RNA amplification, probe labeling, and hybridization. Because only a small amount of RNA was extracted from the samples, a double RNA amplification step was incorporated prior to microarray hybridization. Depending on sample yield, between 30 and 567 ng of total RNA was used for amplification by Ambions MessageAmp aRNA kit, according to the instruction manual. Briefly, first and second strand cDNA were synthesized. Unlabelled aRNA was generated by in vitro transcription with unbiotinylated NTPs. For probe preparation, aRNA was reverse transcribed with second round primers. Second-strand cDNA was synthesized with T7 Oligo(dT) primer and purified. Biotin-labeled cRNA was generated by in vitro synthesis transcription, and purified with a Qiagen RNeasy kit. Each labeled cRNA was then fragmented, added to a hybridization solution, and hybridized for 16 hr to a human genome focus (HG-Focus) genechip (Affymetrix, Santa Clara, CA) in an Affymetrix Fluidics Station 400. The chips were washed, stained with phycoerythrin-conjugated streptavidin, and amplified by biotinylated anti-streptavidin. After a final wash the arrays were scanned in a GCS3000 instrument (Affymetrix).
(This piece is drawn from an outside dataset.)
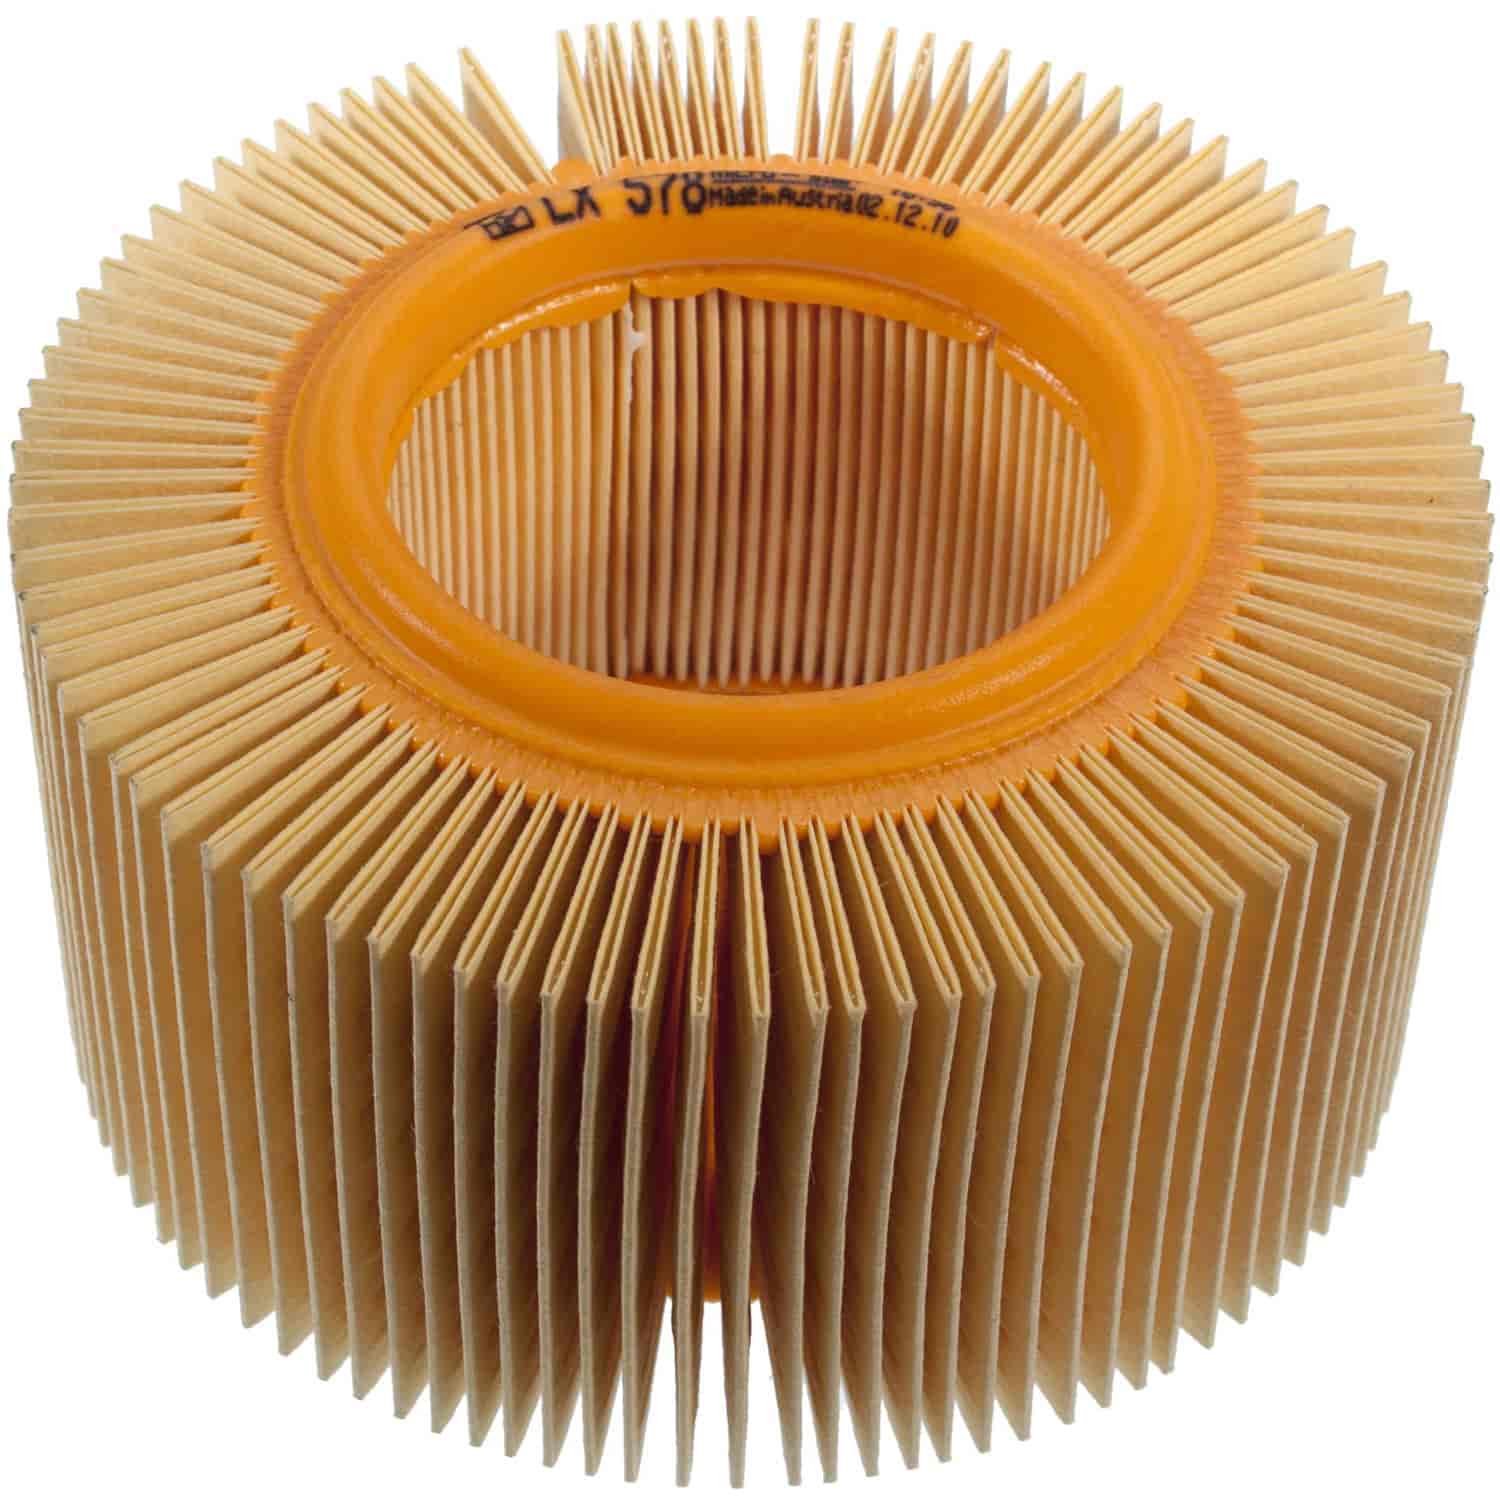 Mahle Air Filter 1993-2006 BMW Motorcycle R-series 848/1092/1130cc

Microarray data analysis. Affymetrix Microarray Suite 5.0 was used for image acquisition and analysis. A decision-matrix determines whether each transcript is reliably detected ([ie, present), marginally detected (ie, marginal), or not detected (ie, absent), and calculates signal intensities. The expression data [which were deposited in the National Center for Biotechnology Informations Gene Expression Omnibus database (GEO, http://www.ncbi.nlm.nih.gov/projects/geo/); GSE3058 [NCBI GEO] ] were transferred to GeneSpring 7.0 software (Agilent Technologies, Redwood City, CA) for statistical analysis. Normalization was carried out to the 50th percentile of each array, and each gene to the median, by choosing the GeneSpring normalization option. Hierarchical cluster analysis was performed using the Condition Tree Clustering option of GeneSpring. The filter function was used to identify genes expressed across all 10 samples.
To evaluate gender differences, a group comparison was made between males (n = 3) and females (n = 7). Genes were selected if they were both: (a) significantly changed in males versus females (t-test, p <0.05); and (b)
6-fold up- or down-regulated between any male and any female individual (as determined by pairwise comparison).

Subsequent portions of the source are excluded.